Reggio Emilia rende omaggio a uno dei suoi figli più illustri adottivi con una mostra che va oltre il semplice tributo. Dal 18 aprile al 18 ottobre, lo Spazio Gerra ospita “Francesco Guccini. Canterò soltanto il tempo”, un progetto espositivo che intreccia parole, immagini e suoni per restituire la complessità di un artista che ha segnato profondamente la cultura italiana. L’iniziativa, inserita nel programma di Fotografia Europea dedicato al tema dei “fantasmi”, nasce da un lungo dialogo con il cantautore modenese, classe 1940. Un confronto sviluppato nell’arco di tre anni, durante i quali Guccini ha condiviso pensieri, ricordi e riflessioni, contribuendo in prima persona alla costruzione del percorso.

Francesco Guccini (©Francesco Guccini)
Una mostra che rifiuta la celebrazione
Lontana da intenti celebrativi o da una ricostruzione cronologica esaustiva, l’esposizione si propone come un viaggio intimo e multisensoriale. I curatori Stefania Carretti, Lorenzo Immovilli ed Erika Profumieri hanno scelto di evitare una narrazione tradizionale, privilegiando invece una struttura che restituisce la natura sfaccettata della produzione gucciniana. Al centro non c’è solo la musica, ma un universo creativo più ampio, dove la memoria assume un ruolo fondamentale. Non nostalgia, ma uno strumento per rileggere il passato e trasformarlo in esperienza viva. Un approccio che riflette pienamente la poetica dell’artista.
Nove stanze per raccontare una vita
Il percorso si sviluppa attraverso nove ambienti distribuiti su quattro piani, per un totale di circa 350 metri quadrati. Cuore pulsante dell’allestimento è la voce di Guccini, protagonista di una serie di dialoghi ascoltabili in cuffia. In questi interventi, il cantautore affronta temi centrali come l’esistenza, le radici, l’amicizia, l’impegno e le relazioni. Da queste riflessioni emergono naturalmente alcune delle sue canzoni più significative, tra cui “Libera nos Domine”, “Incontro”, “La canzone della bambina portoghese”, “Vorrei” e “Van Loon”.

Francesco Guccini (©Francesco Guccini)
Tra manoscritti e oggetti personali
Uno degli aspetti più affascinanti della mostra è la possibilità di avvicinarsi al processo creativo di Guccini. Tra i materiali esposti figurano manoscritti originali, provenienti dalla sua casa di Pavana, che testimoniano un modo di scrivere diretto e istintivo. Le canzoni, spesso annotate su fogli di fortuna o sul retro di buste, nascono di getto, con poche correzioni. Un metodo che contrasta con quello adottato per i romanzi, elaborati invece al computer attraverso un lavoro più lungo e riflessivo. Accanto ai testi, trovano spazio oggetti personali e volumi della sua biblioteca, utili a comprendere le influenze culturali che hanno accompagnato il suo percorso artistico.

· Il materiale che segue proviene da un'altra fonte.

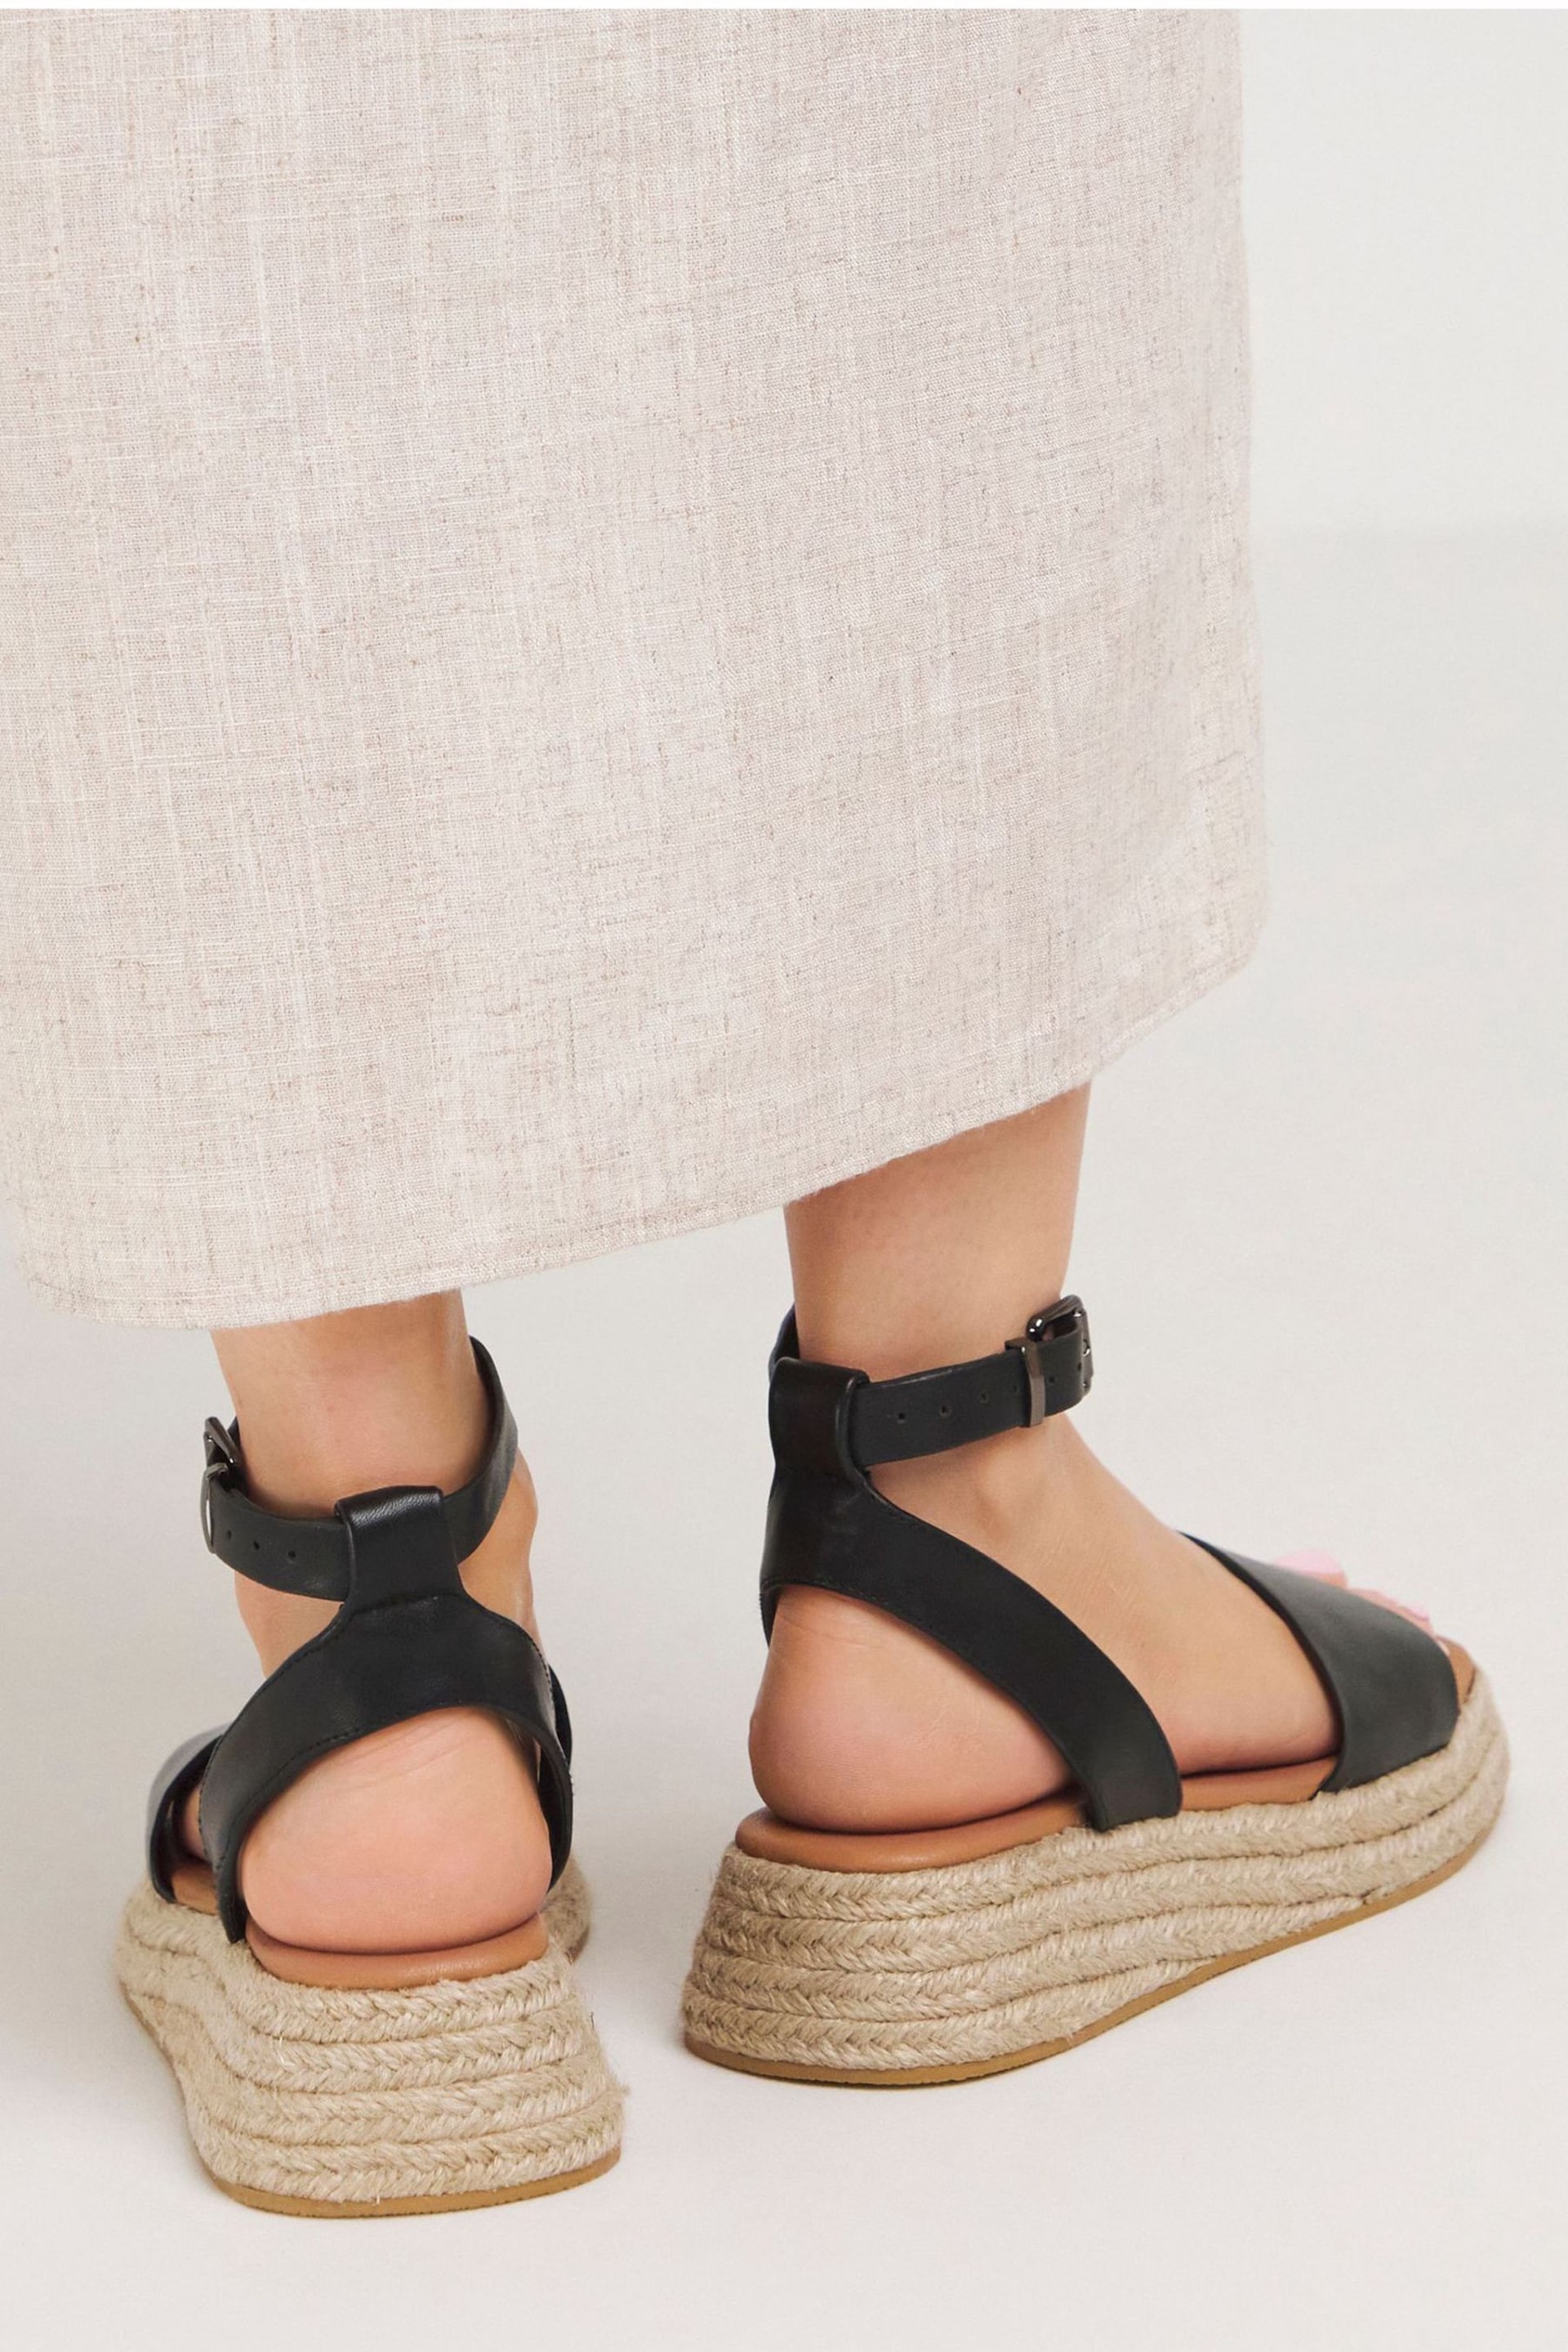 Simply Be Black Low Espadrille Wedge Two Part Sandals in Wide Fit - Image 3 of 4

Immagini, fumetti e nuove produzioni
La dimensione visiva gioca un ruolo altrettanto centrale. La mostra propone illustrazioni ispirate alle canzoni di Guccini, realizzate da artisti che reinterpretano il suo immaginario. Non è un caso: il cantautore ha sempre coltivato una passione per il fumetto, stringendo rapporti con figure come Andrea Pazienza, Sergio Staino e Milo Manara. Completano il percorso due progetti fotografici inediti. “Zeitraum” di Kai-Uwe Schulte-Bunert esplora il tempo attraverso immagini di ingranaggi e componenti di orologi, mentre “Pavana e ricordi” di Paolo Simonazzi racconta i luoghi simbolo della vita di Guccini, tra Bologna e l’Appennino.